**AIM OF THE TASK:**
In the data below, restate exactly the lines from the one with "MaPrimeRénov'" to the final line, both included, but not the pictures.

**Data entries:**
==============================

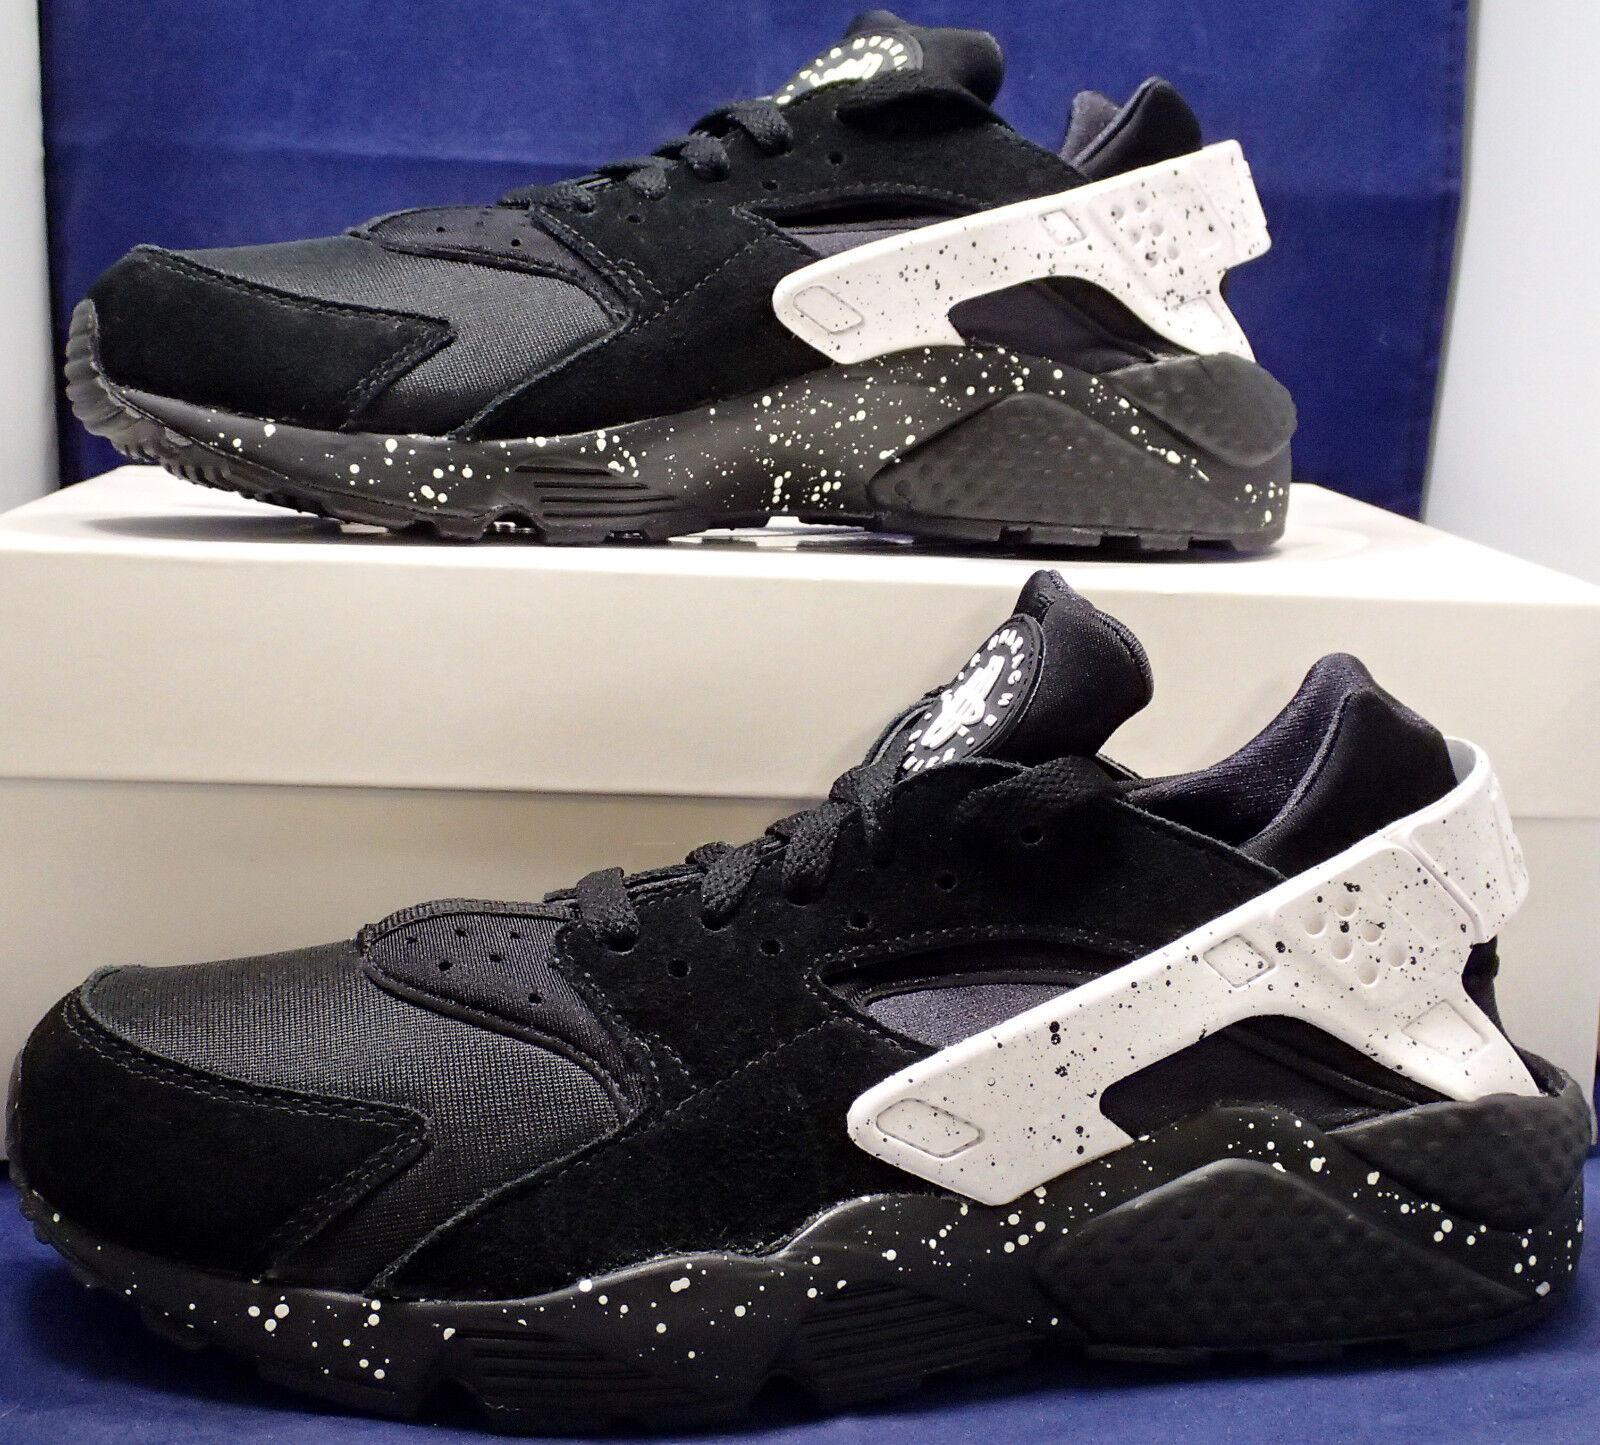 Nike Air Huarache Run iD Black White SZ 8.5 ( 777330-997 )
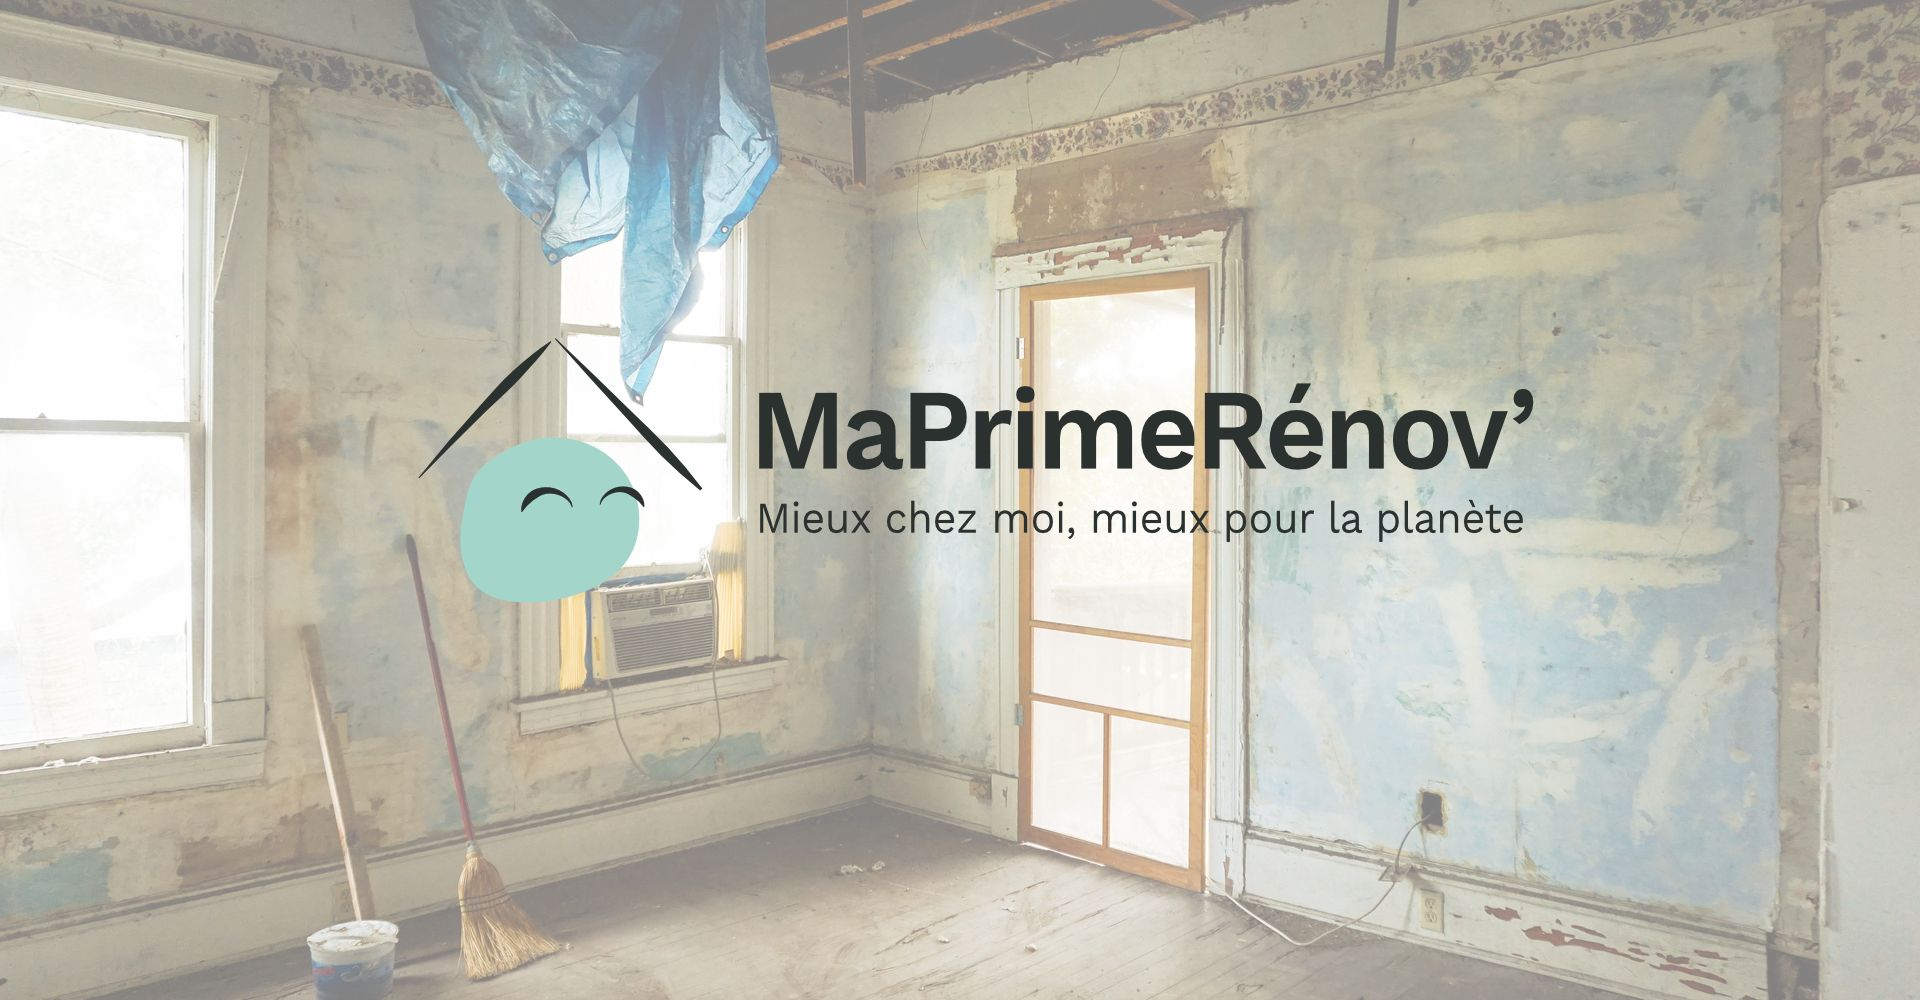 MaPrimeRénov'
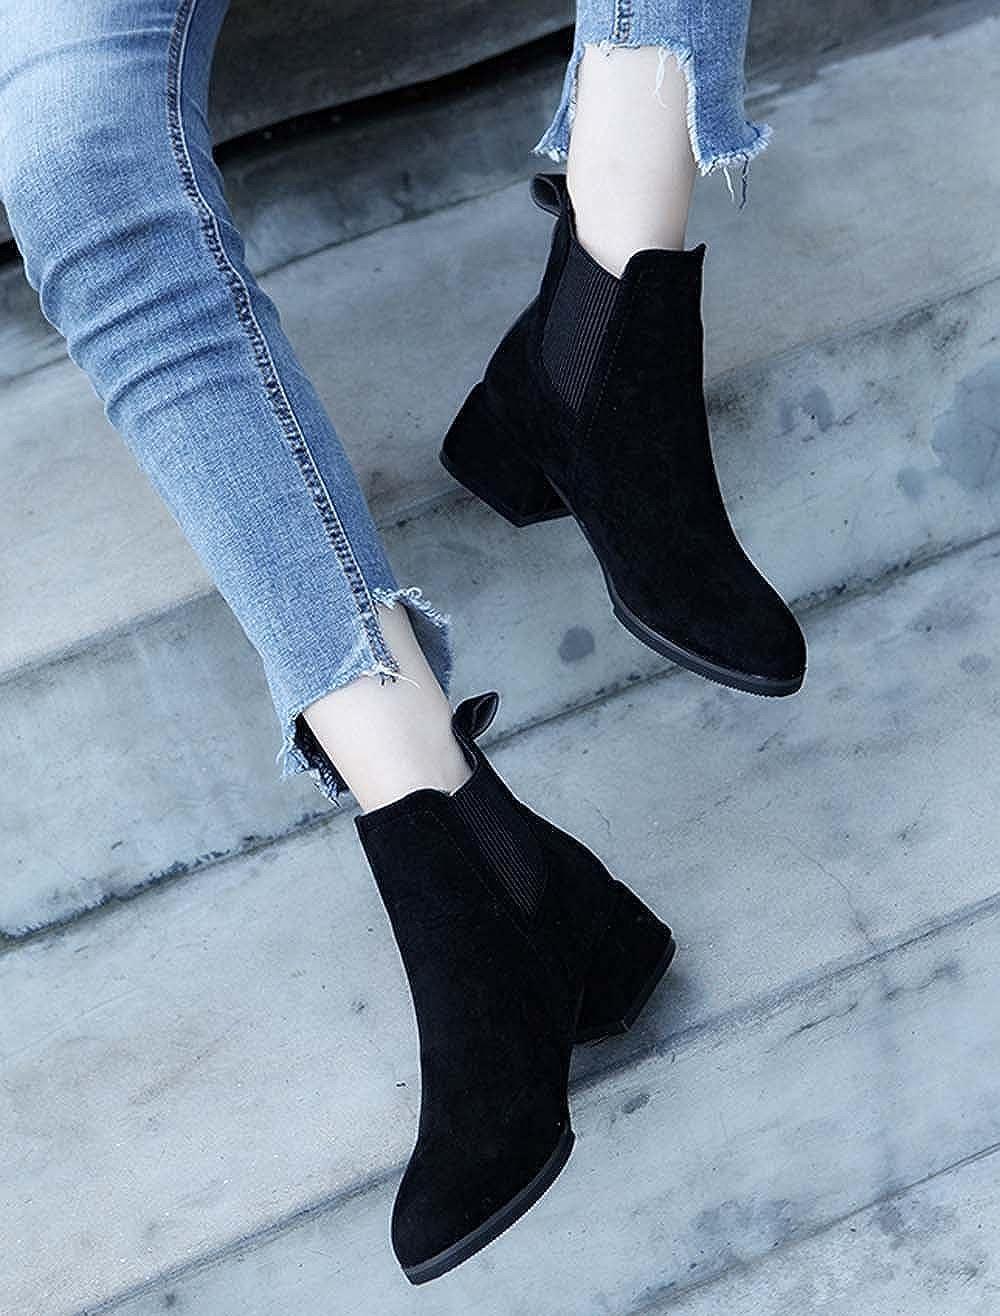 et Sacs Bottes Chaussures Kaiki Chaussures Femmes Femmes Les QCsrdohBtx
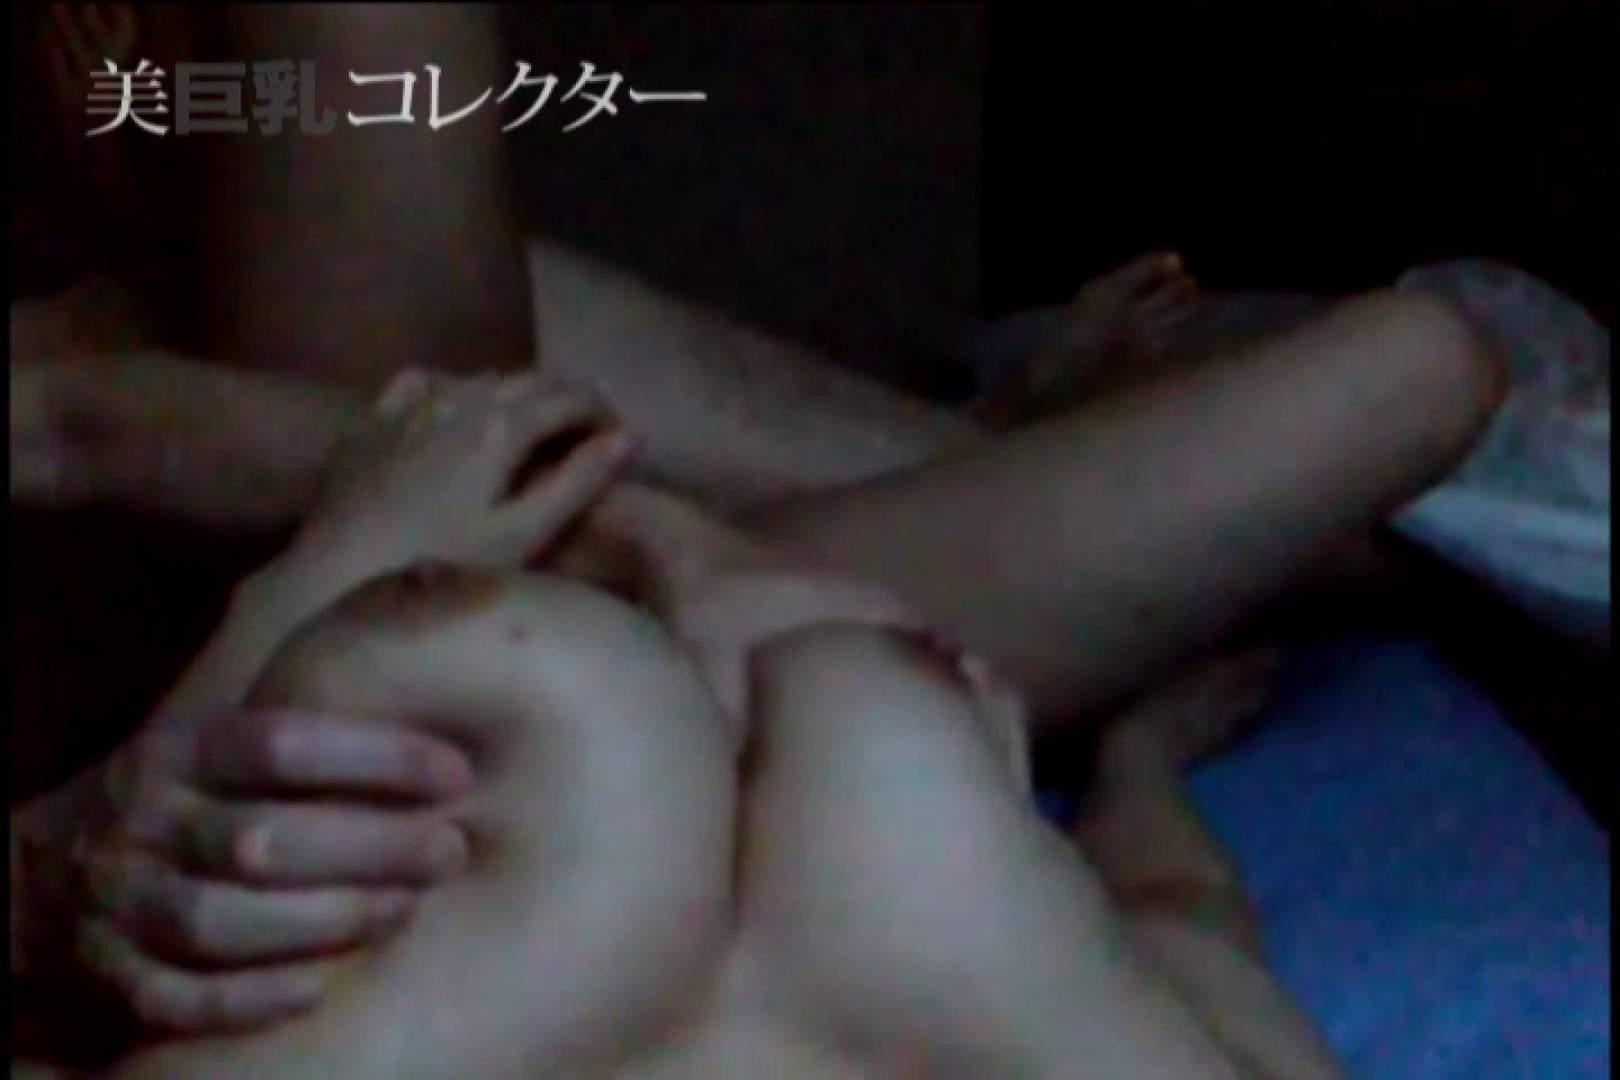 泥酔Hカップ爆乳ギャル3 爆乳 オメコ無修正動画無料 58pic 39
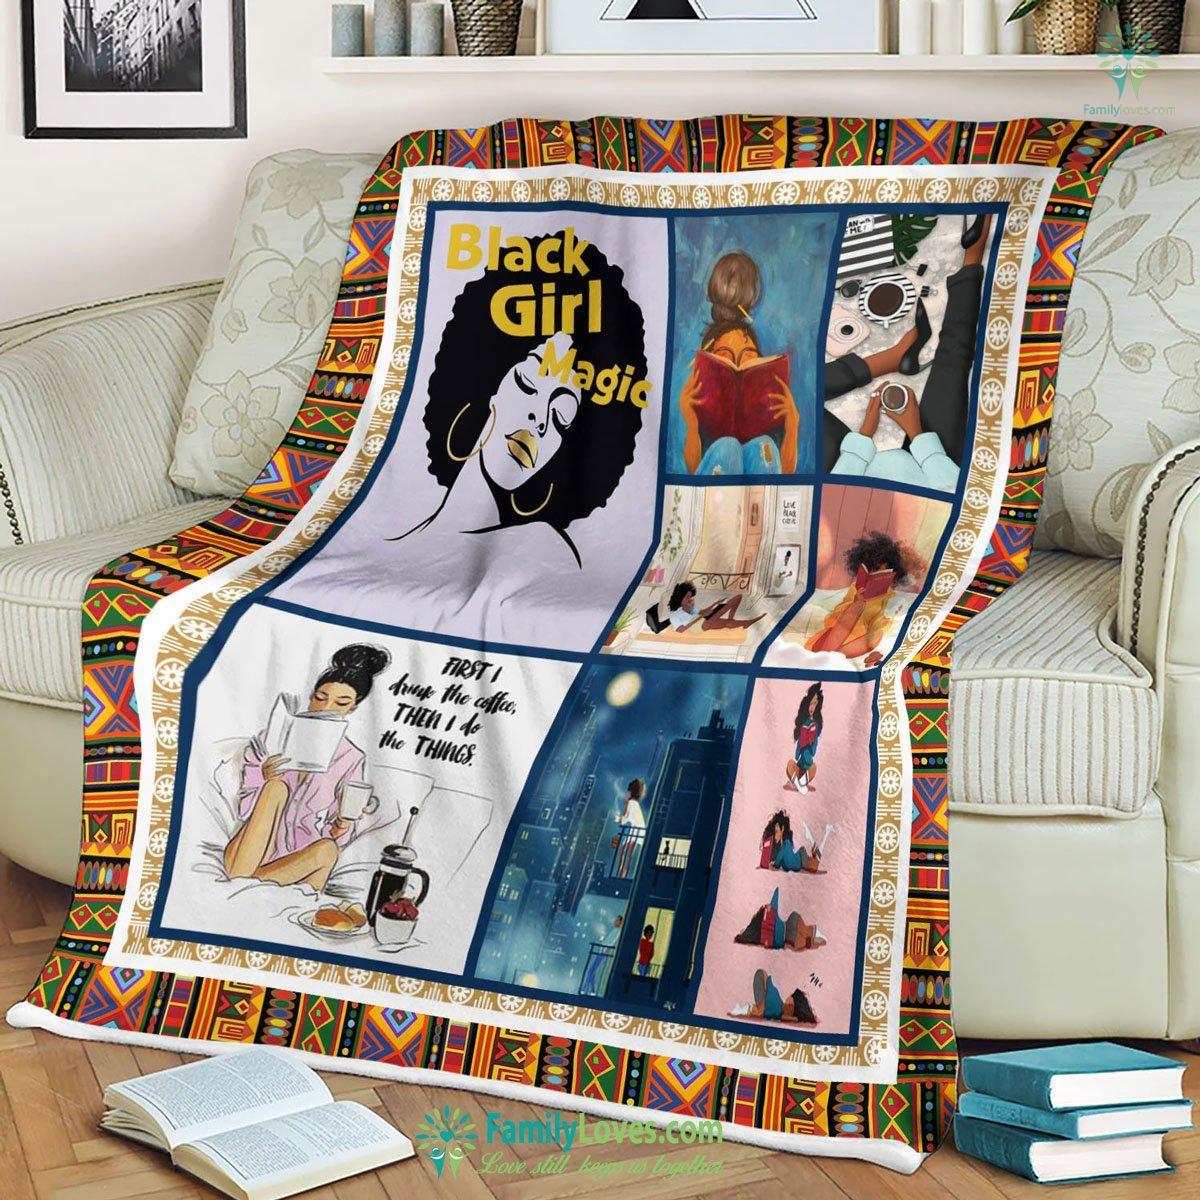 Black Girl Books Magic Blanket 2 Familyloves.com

==============================

**YOUR SOLUTION:**
 MaPrimeRénov'
 et Sacs Bottes Chaussures Kaiki Chaussures Femmes Femmes Les QCsrdohBtx
 泥酔Hカップ爆乳ギャル3 爆乳 オメコ無修正動画無料 58pic 39
 Black Girl Books Magic Blanket 2 Familyloves.com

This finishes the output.